══ Given information

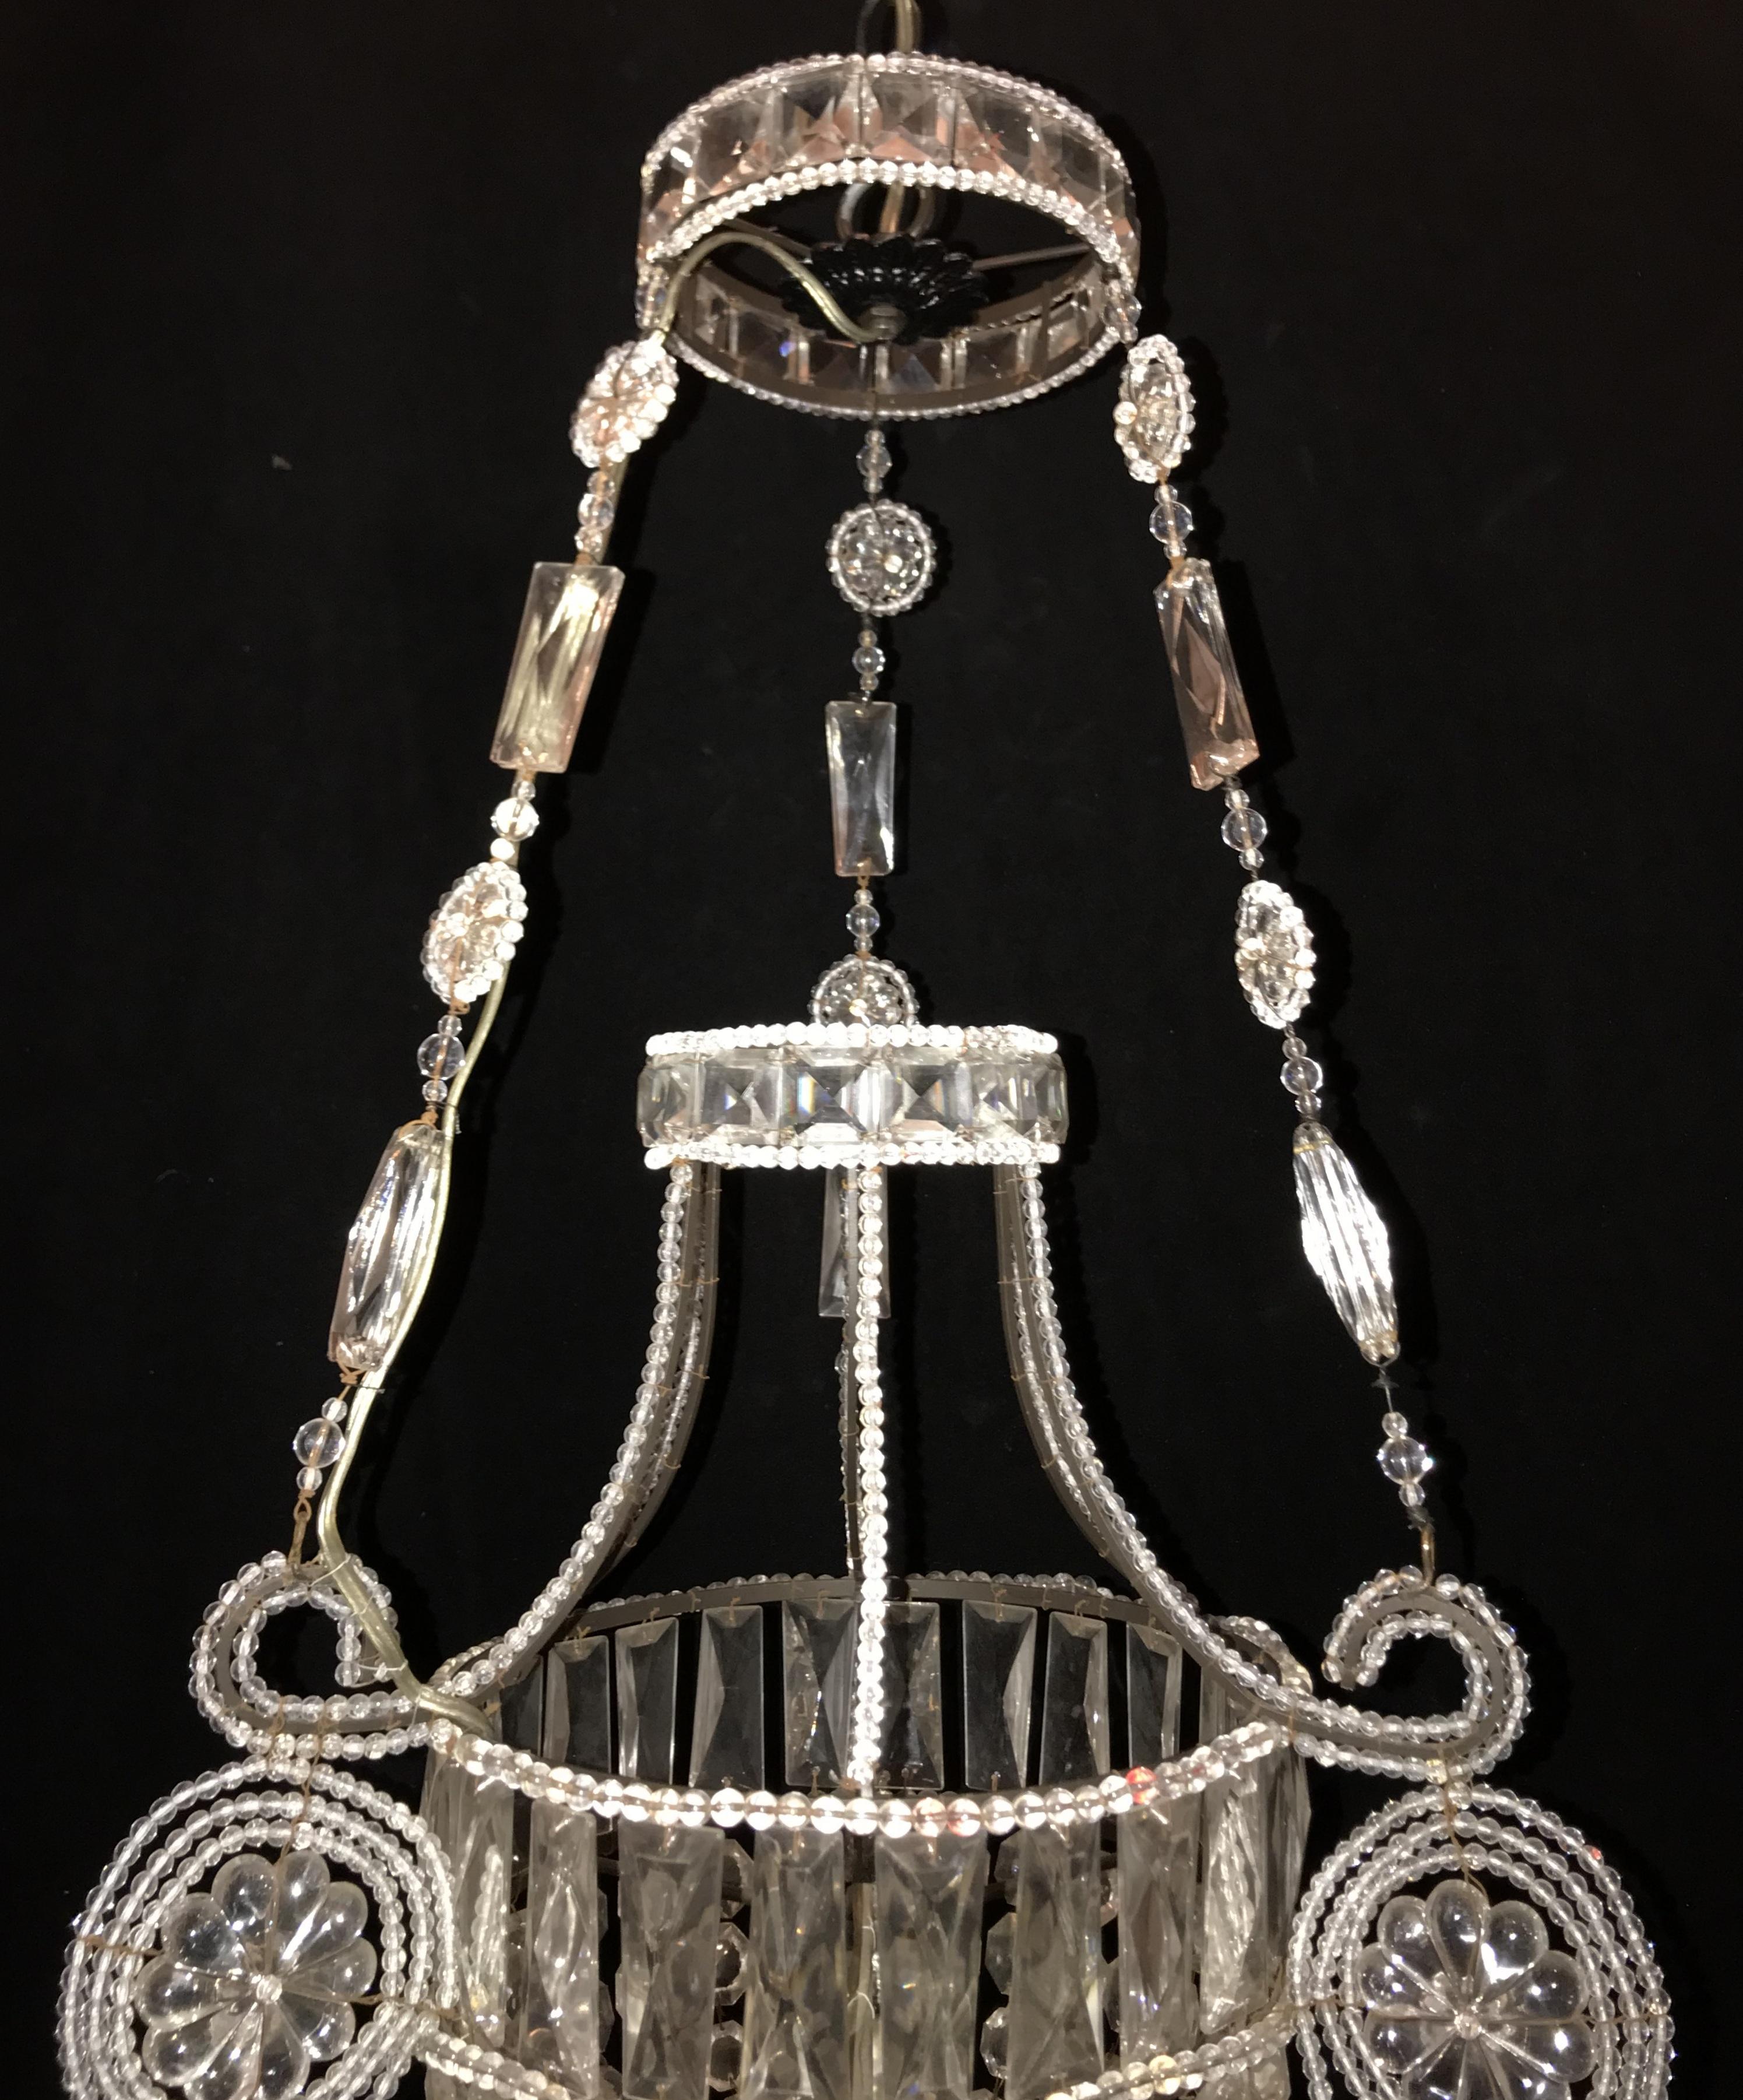 A wonderful pair of Italian beaded crystal / glass basket / urn form pendent chandeliers / fixtures with single Edison bulbs each.
The height is adjustable to your needs.
Two available,
Sold separately.

════

_Work to be completed:_ With the pictures omitted, the material is to be transcribed exactly.

_Written solution:_
 A wonderful pair of Italian beaded crystal / glass basket / urn form pendent chandeliers / fixtures with single Edison bulbs each.
The height is adjustable to your needs.
Two available,
Sold separately.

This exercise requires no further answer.